Firstly, let me say that I'm all for tuning into hunger cues, and so recognising appetite change in the summer is an initial win from the off.
Something to bear in mind that often gets overlooked is the water content of food. If you're suddenly eating less due to the heat, it's not just water loss from sweat that effects hydration, but also the reduced intake of fluid from food compared, to usual. Hydration affects how we feel and perform, so this is important.
If your diet contains very few processed foods and your salt intake is already at the lower end of the scale, when you suddenly reduce food intake mineral intake is likely to reduce too. So, particularly if you're training, rather than sticking with water you might want to think about drinks with electrolytes in them, and/or a vitamin and mineral supplement.
Speaking of training, when appetite loss and heat are factors it can be a good idea to schedule things so you're eating around your training (ie as close before and after as you’re comfortable with).

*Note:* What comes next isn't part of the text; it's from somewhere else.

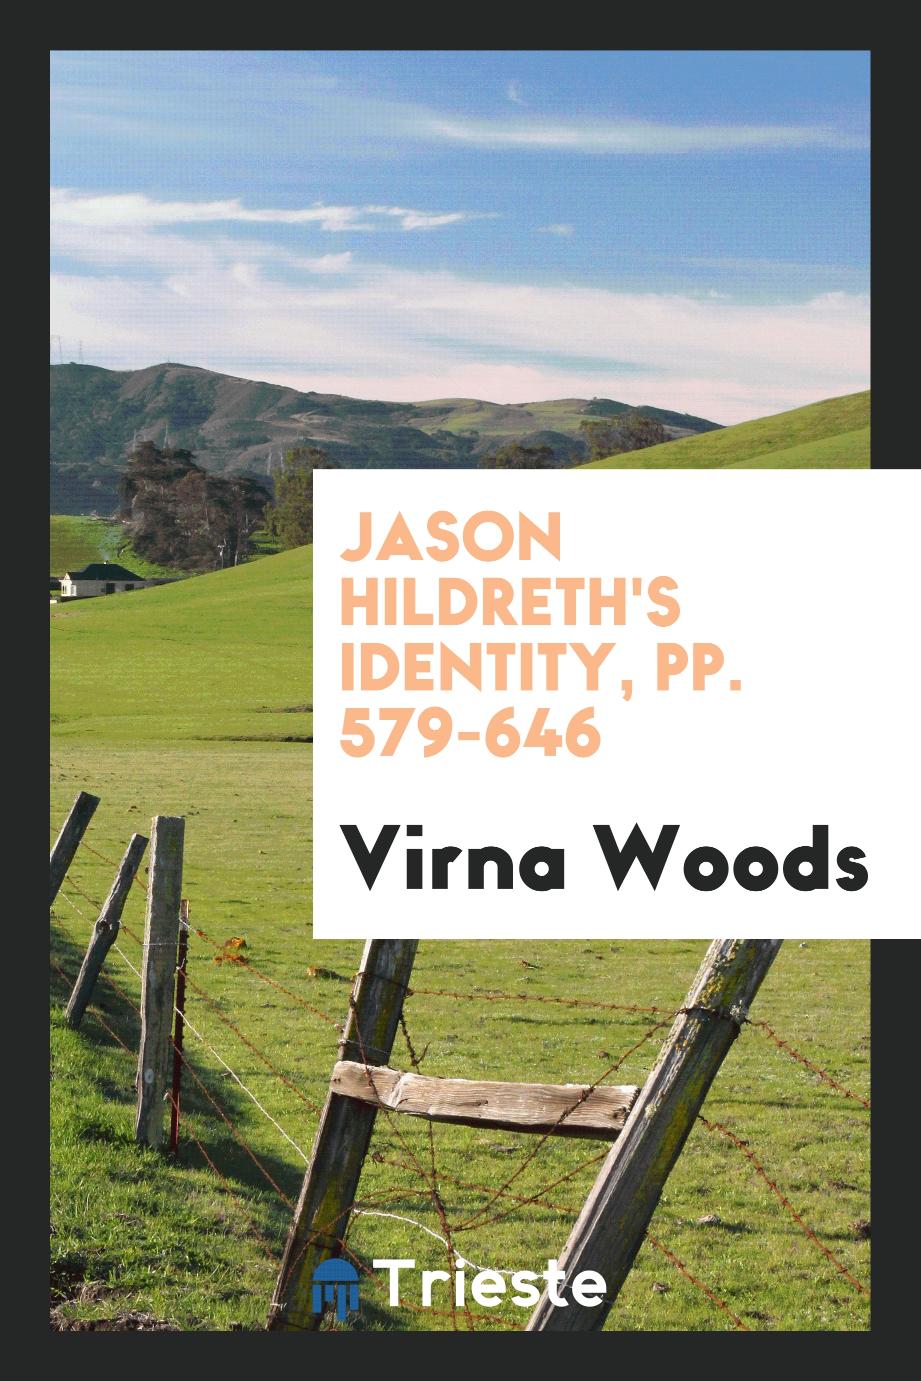 Jason Hildreth's Identity, pp. 579-646

Your training will then feel better, you will still perform well, and adaptation will still occur (ie your muscles aren’t suddenly going to disappear). As always - get protein in afterwards.
Lastly, if you're dieting and the heat suppresses your hunger, then make the most of the opportunity. If the change in routine doesn't affect you negatively then don't stress if you miss lunch, don't feel like breakfast, or dinner is scaled right back. Just don't go face-first into iced drinks that contain more calories than the food you would normally have eaten...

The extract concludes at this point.